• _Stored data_
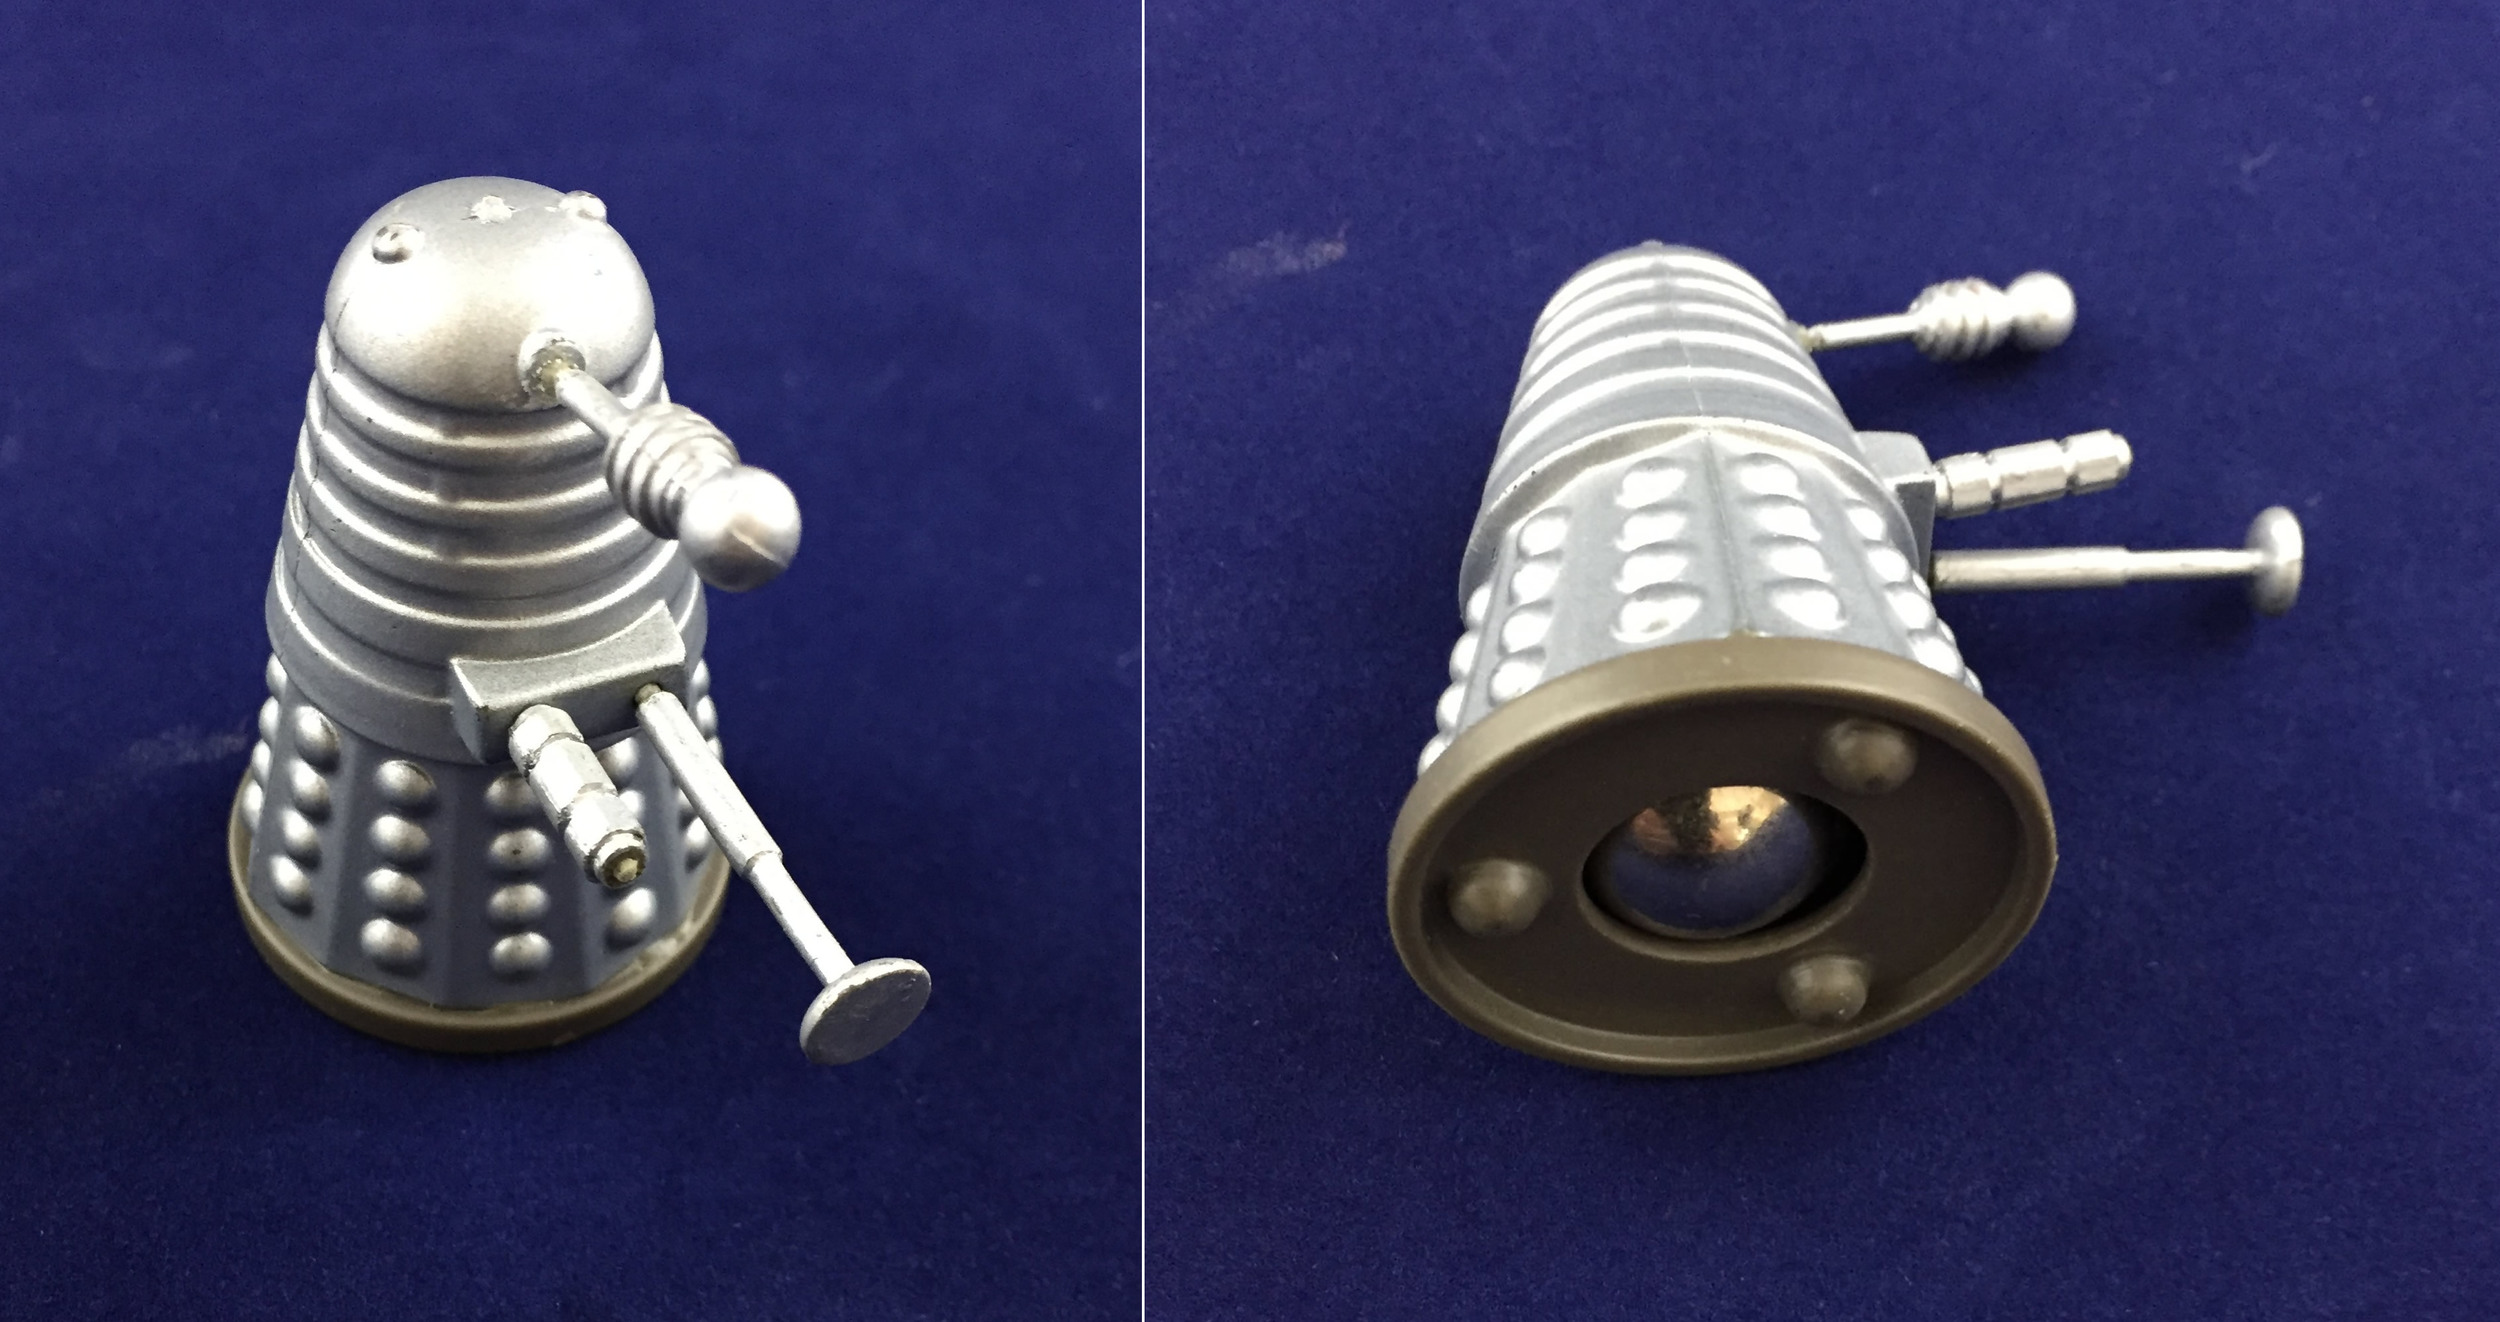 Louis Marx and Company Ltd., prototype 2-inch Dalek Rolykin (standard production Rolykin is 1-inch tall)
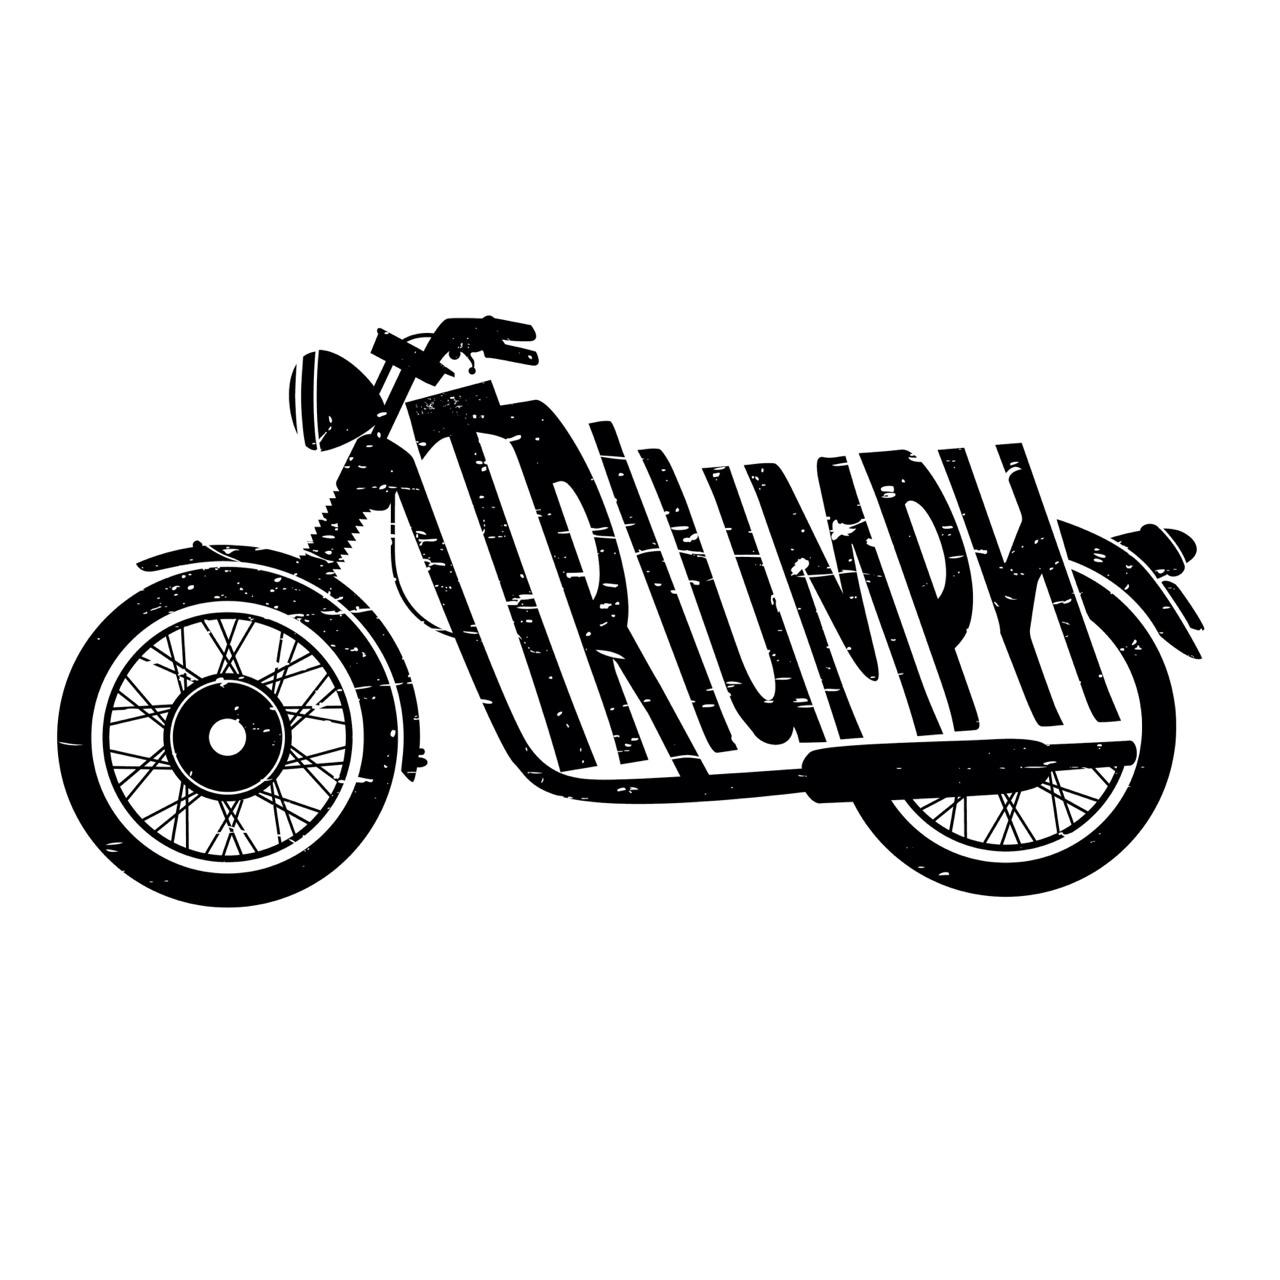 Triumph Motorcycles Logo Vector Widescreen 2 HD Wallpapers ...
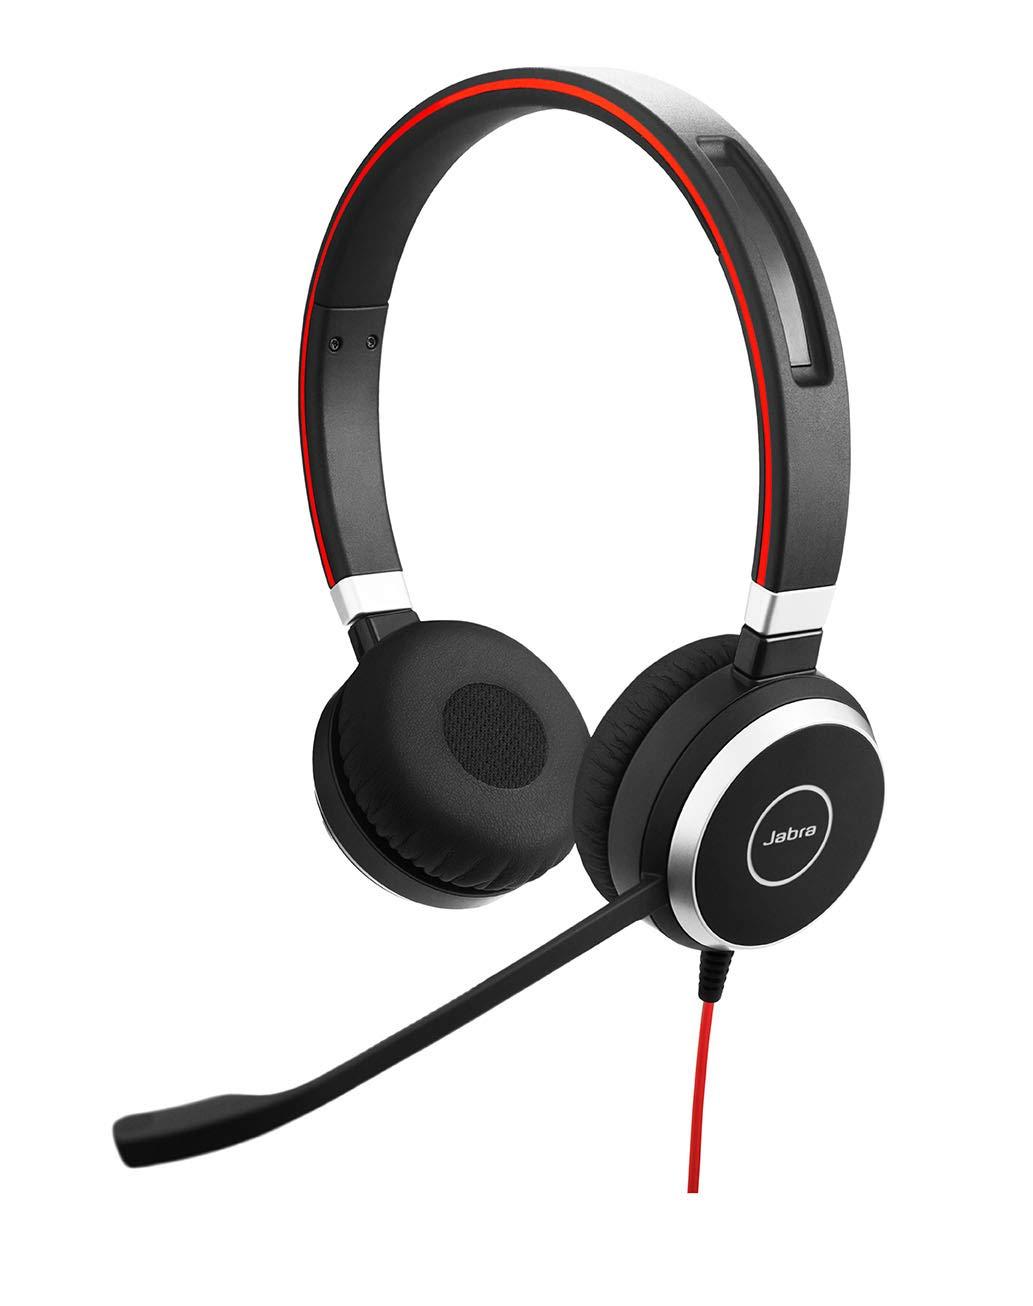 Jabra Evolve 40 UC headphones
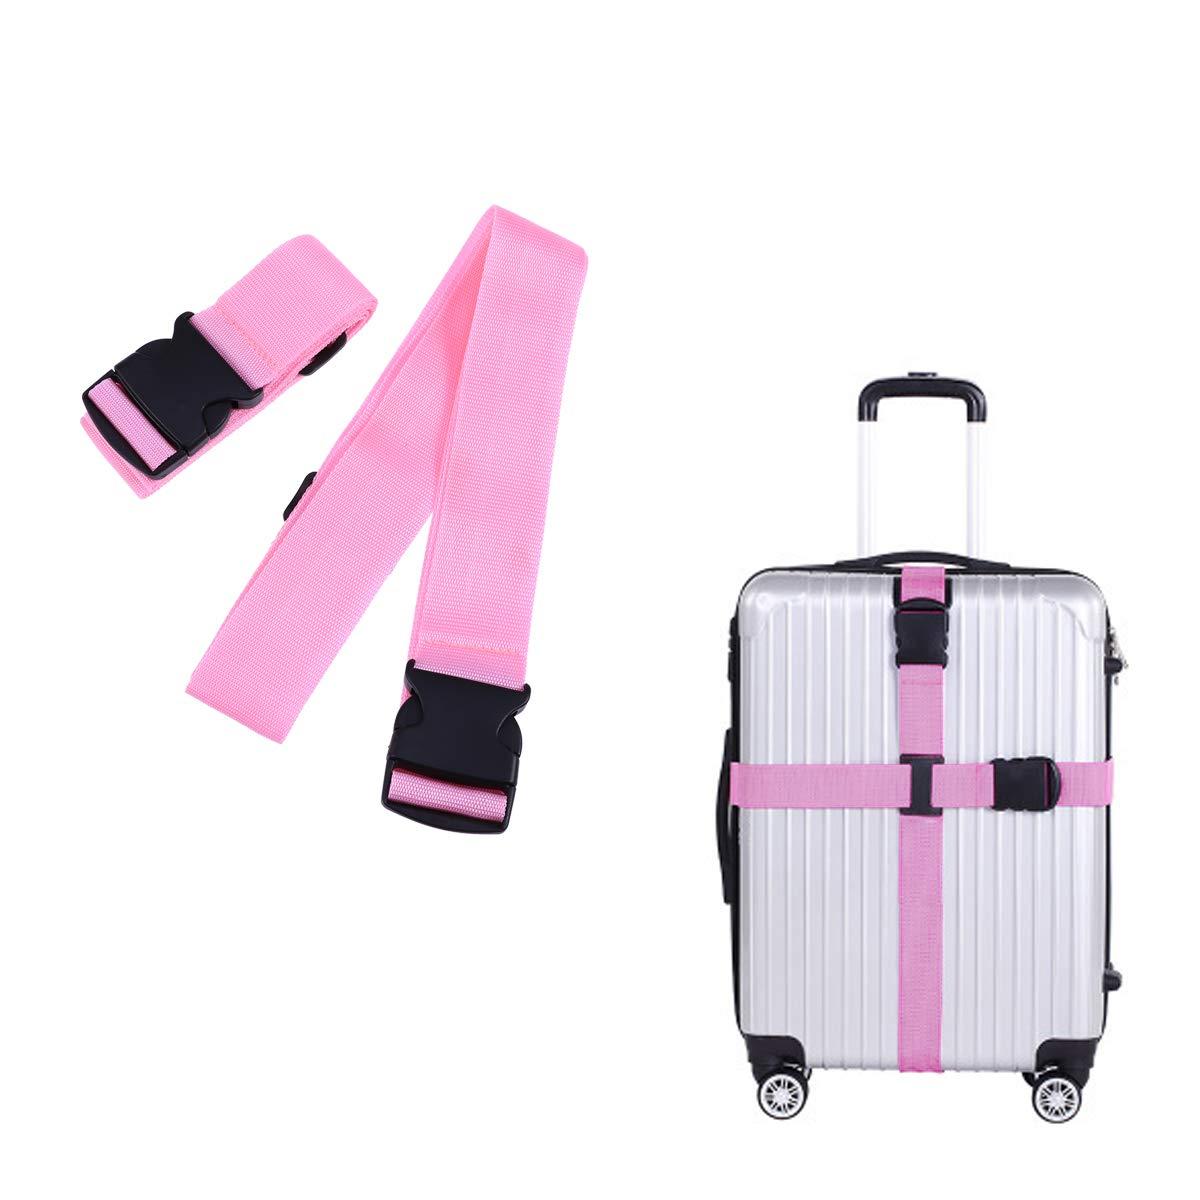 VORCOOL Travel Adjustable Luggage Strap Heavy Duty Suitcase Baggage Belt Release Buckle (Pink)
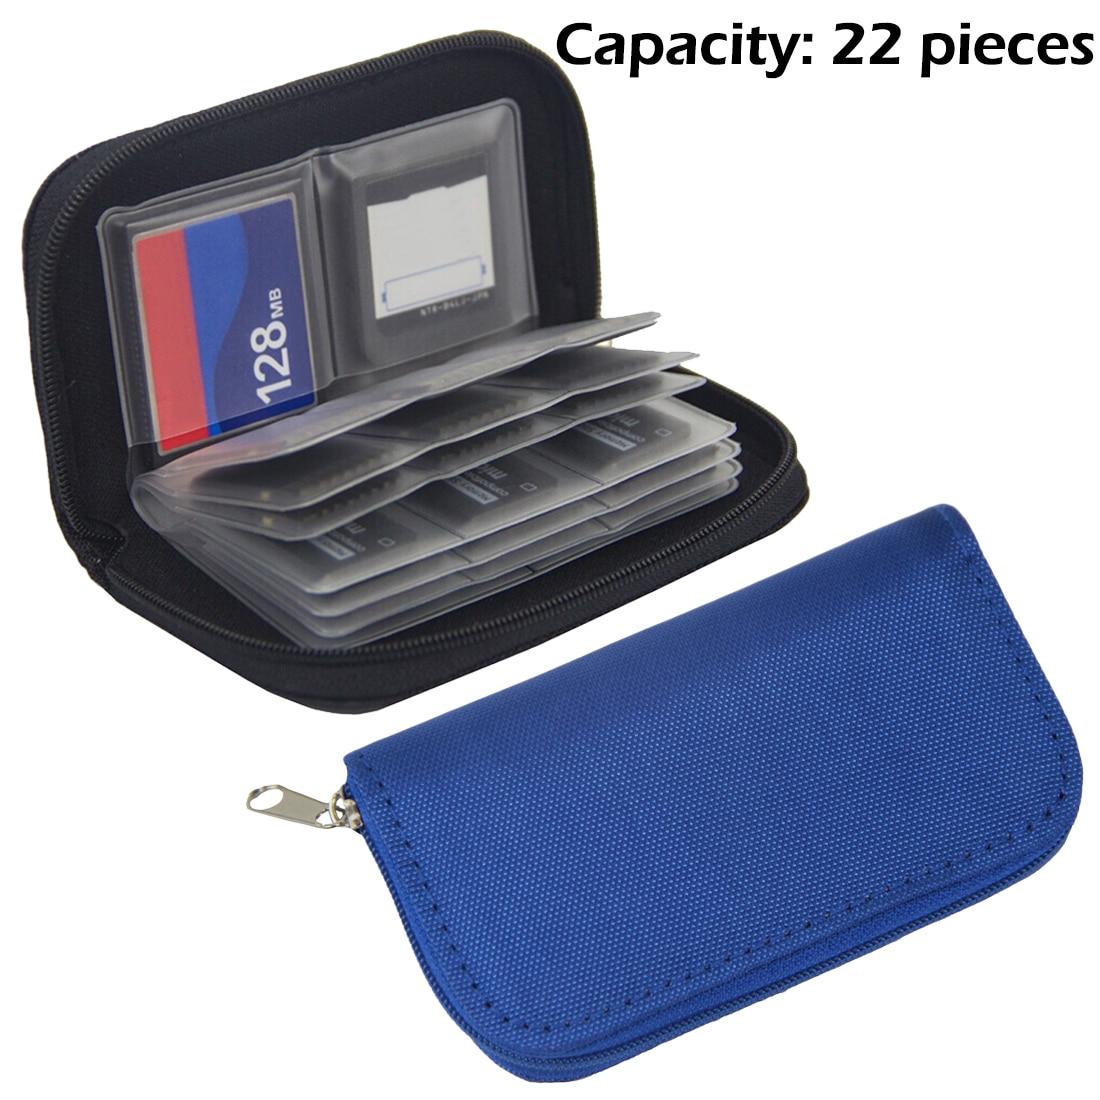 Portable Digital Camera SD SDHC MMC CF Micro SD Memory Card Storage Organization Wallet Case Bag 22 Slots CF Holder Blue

• _Prompt_
Give back the records exactly, minus any pictures.

• _Response to this task_
 Louis Marx and Company Ltd., prototype 2-inch Dalek Rolykin (standard production Rolykin is 1-inch tall)
 Triumph Motorcycles Logo Vector Widescreen 2 HD Wallpapers ...
 Jabra Evolve 40 UC headphones
 VORCOOL Travel Adjustable Luggage Strap Heavy Duty Suitcase Baggage Belt Release Buckle (Pink)
 Portable Digital Camera SD SDHC MMC CF Micro SD Memory Card Storage Organization Wallet Case Bag 22 Slots CF Holder Blue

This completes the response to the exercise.